Bosses can always point out your mistakes and say that you didn’t work hard enough, even if you had. If ESOPs are linked to your performance, which can be evaluated on the basis of your boss’s wishes, then he / she may unfairly evaluate your performance if they’ve been asked to cut down on the issuance of ESOPs due to pressure from founders or investors.
A social media user was in fact told that the vested ESOPs may get revoked in the event of "misconduct" by an employee. “Misconduct” is a very broad term, as he rightly pointed out, leaving his hard work to the whims and fancies of the founder to decide his fate.
Ideally, a company would give reasonable chances to the employee to prove his / her performance and put them on performance improvement plans if required.

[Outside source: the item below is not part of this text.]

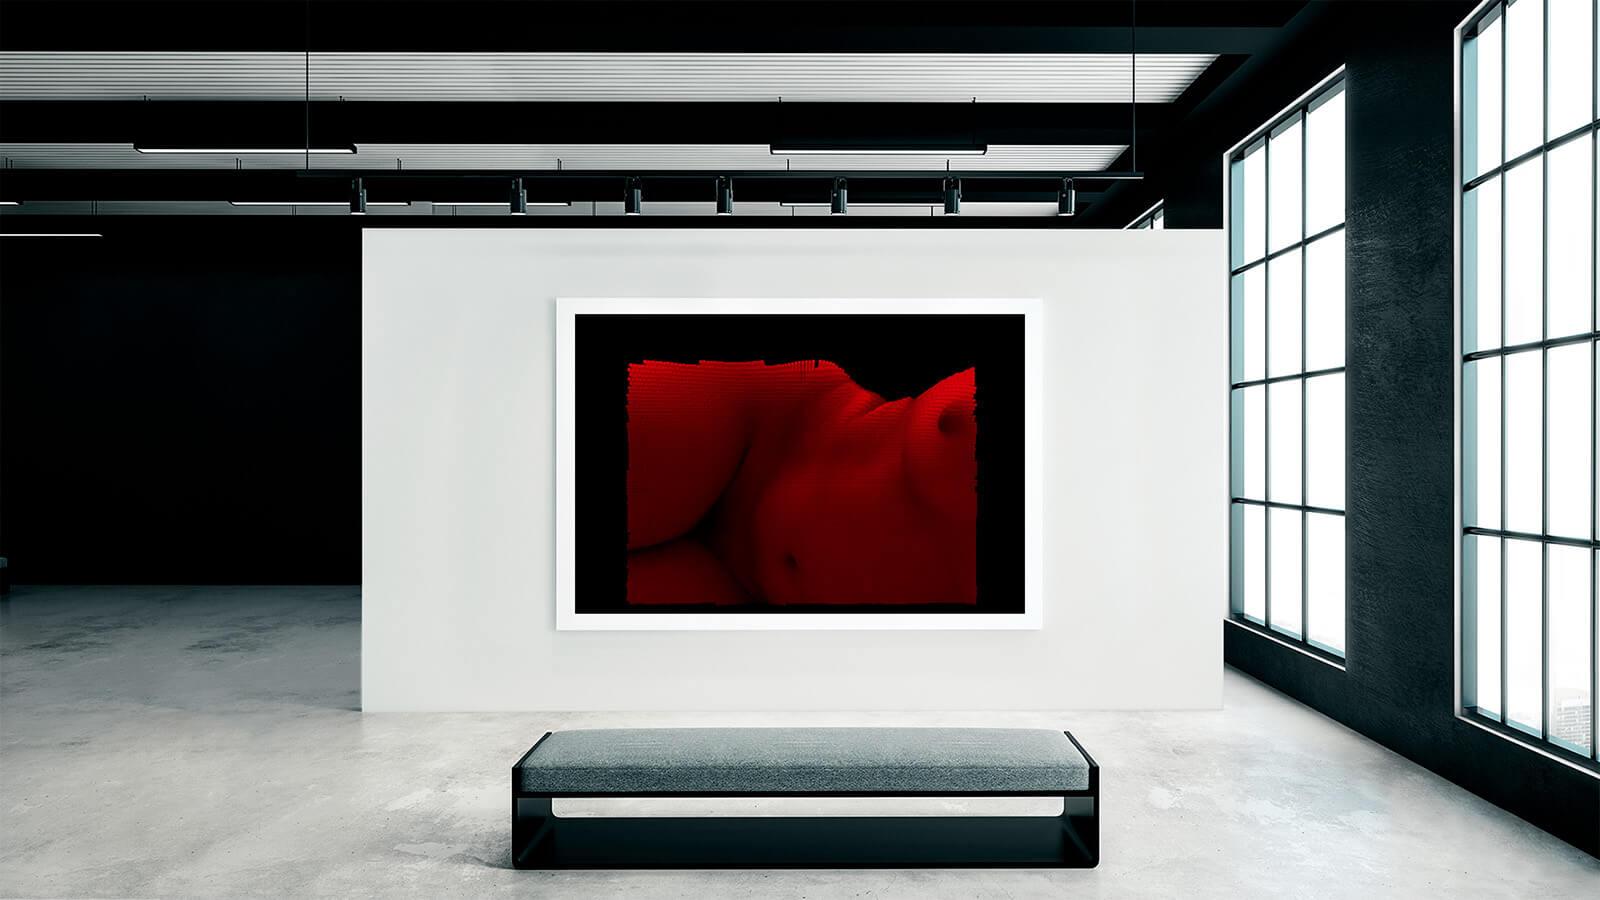 Hummo-reconstruction-exposicion-Horno-Virtual-Gallery-galeria-arte-fotografia-artistica-edicion-limitada-decoracion-body

In cases of unsatisfactory performance, they ask employees to leave the company.
But where the employee is reasonably performing in his role, a company won’t ask them to leave. So why should the company cut down on the promise of giving ESOPs based on their ‘performance’?
Say your vesting conditions are such that your ESOPs will vest only after three years of staying with the company.
You do everything right in your job, stay loyal to the company and stay with the company through its ups and downs, but the company gets acquired after 2.5 years of you joining the company. In this case, your ESOPs won’t vest and all your hard work might go to waste.
To be fair, companies should always have a clause in place to ensure accelerated vesting in such events where the employees do not lose out even when the company makes more money.
The startup world is full of such stories that even after the company grew multi-fold and had many liquidity events, the employees made nothing despite giving their heart and soul to the company.
ESOPs can be a tool for enormous wealth creation; however, employees should be careful about certain clauses in the ESOP agreement to ensure that they are not shown the door when they ask for their rights.
Apart from all this, the employees should factor the founder’s past experiences and the potential in the idea before choosing between companies if they are banking on the ESOP part of their CTCs to create wealth in the long-run.